HashAggregateExec.inputRDDs

此时child 为InputAdapter,即调用InputAdapter.inputRDDs()函数

  override def inputRDDs(): Seq[RDD[InternalRow]] = {
    child.asInstanceOf[CodegenSupport].inputRDDs()
  }

InputAdapter.inputRDDs

此时的child为ShuffleExchangeExec,即调用ShuffleExchangeExec.doExecute()函数

  override def inputRDDs(): Seq[RDD[InternalRow]] = {
    child.execute() :: Nil
  }

ShuffleExchangeExec.doExecute()

此时的exchangeCoordinator为None
调用函数prepareShuffleDependency()得到ShuffleDependency
再调用preparePostShuffleRDD()函数构建ShuffledRowRDD 为 ShuffledRowRDD [7]

  protected override def doExecute(): RDD[InternalRow] = attachTree(this, "execute") {
    // Returns the same ShuffleRowRDD if this plan is used by multiple plans.
    if (cachedShuffleRDD == null) {
      cachedShuffleRDD = coordinator match {
        case Some(exchangeCoordinator) =>
          val shuffleRDD = exchangeCoordinator.postShuffleRDD(this)
          assert(shuffleRDD.partitions.length == newPartitioning.numPartitions)
          shuffleRDD
        case _ =>
          val shuffleDependency = prepareShuffleDependency()
          preparePostShuffleRDD(shuffleDependency)
      }
    }
    cachedShuffleRDD
  }
}

ShuffleExchangeExec.prepareShuffleDependency()

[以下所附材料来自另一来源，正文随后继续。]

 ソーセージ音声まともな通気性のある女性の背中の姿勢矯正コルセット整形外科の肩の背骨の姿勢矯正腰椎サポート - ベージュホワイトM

child.execute(),会先计算上级RDD,此时child 为 WholeStageCodegenExec,会先调用WholeStageCodegenExec.doExecute()函数，注意，上次调用的该函数还没执行完成，现在又一次调用该函数了
ShuffleExchangeExec.prepareShuffleDependency会得到分区器

  /**
   * Returns a [[ShuffleDependency]] that will partition rows of its child based on
   * the partitioning scheme defined in `newPartitioning`. Those partitions of
   * the returned ShuffleDependency will be the input of shuffle.
   */
  private[exchange] def prepareShuffleDependency()
    : ShuffleDependency[Int, InternalRow, InternalRow] = {
    ShuffleExchangeExec.prepareShuffleDependency(
      child.execute(), child.output, newPartitioning, serializer)
  }

WholeStageCodegenExec.doExecute()

此时的child为HashAaareaateExec,HashAggregateExec.inputRDDs()函数
然后再进行mapPartitionsWithIndex函数调用，rdds.head.mapPartitionsWithIndex得到的RDD为MapPartitionsRDD [5]

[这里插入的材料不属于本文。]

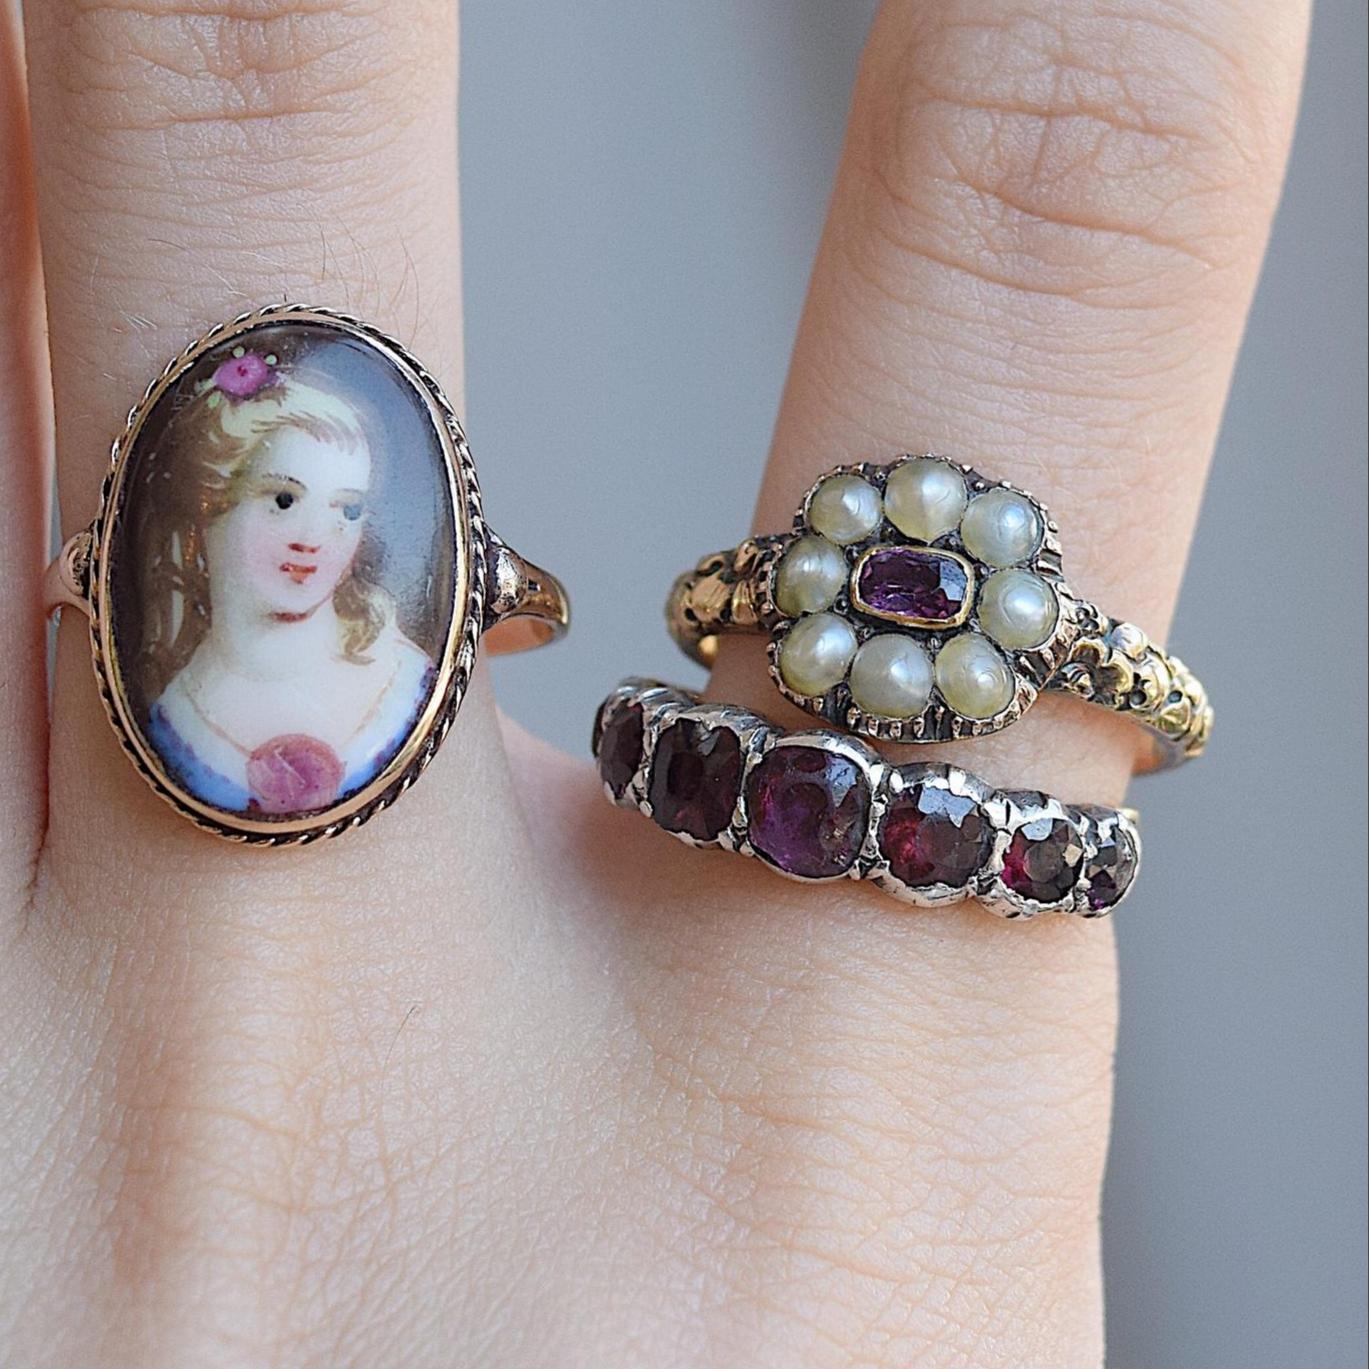 טבעת זהב עם ציור אמייל עתיק.(הטבעת השמאלית)

HashAggregateExec.inputRDDs()

child为ProjectExec即调用ProjectExec.inputRDDs()函数

  override def inputRDDs(): Seq[RDD[InternalRow]] = {
    child.asInstanceOf[CodegenSupport].inputRDDs()
  }

ProjectExec.inputRDDs()

child为InputAdapter,即调用InputAdapter.inputRDDs()函数

  override def inputRDDs(): Seq[RDD[InternalRow]] = {
    child.asInstanceOf[CodegenSupport].inputRDDs()
  }

InputAdapter.inputRDDs()

child 为AppendColumnsWithObjectExec,即调用AppendColumnsWithObjectExec.doExecute()函数

  override def inputRDDs(): Seq[RDD[InternalRow]] = {
    child.execute() :: Nil
  }

AppendColumnsWithObjectExec.doExecute()

child 为MapPartitionsExec即调用MapPartitionsExec.doExecute()函数
child.execute().mapPartitionsInternal得到的RDD为MapPartitionsRDD [4]

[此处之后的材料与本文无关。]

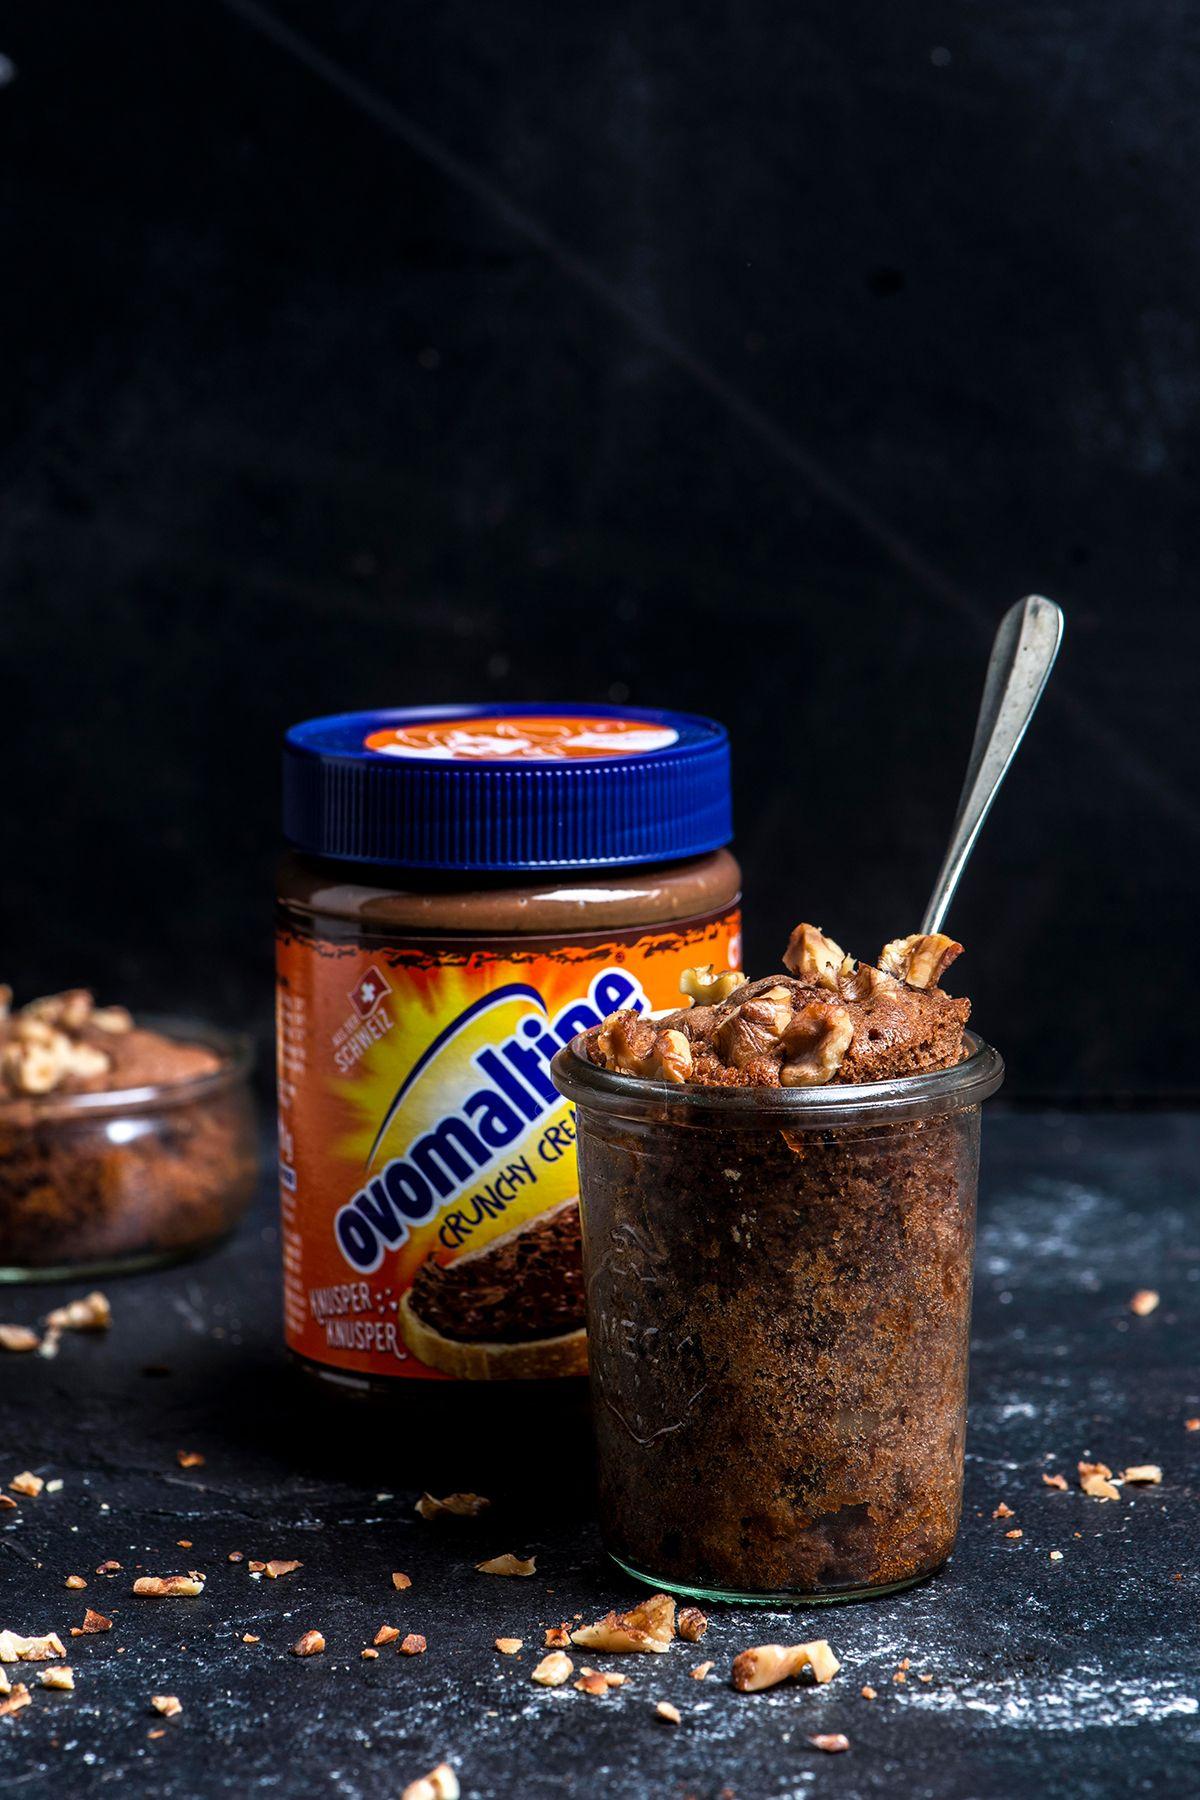 Ovomaltine Hefezopf mit Crunchy-Cream-Füllung   ovomaltine.de

  override protected def doExecute(): RDD[InternalRow] = {
    child.execute().mapPartitionsInternal { iter =>
      val getChildObject = ObjectOperator.unwrapObjectFromRow(child.output.head.dataType)
      val outputChildObject = ObjectOperator.serializeObjectToRow(inputSerializer)
      val outputNewColumnOjb = ObjectOperator.serializeObjectToRow(newColumnsSerializer)
      val combiner = GenerateUnsafeRowJoiner.create(inputSchema, newColumnSchema)

      iter.map { row =>
        val childObj = getChildObject(row)
        val newColumns = outputNewColumnOjb(func(childObj))
        combiner.join(outputChildObject(childObj), newColumns): InternalRow
      }
    }
  }

MapPartitionsExec.doExecute()

child为DeserializeToObjectExec,即调用DeserializeToObjectExec.doExecute()函数
child.execute().mapPartitionsInternal得到的RDD为MapPartitionsRDD [3]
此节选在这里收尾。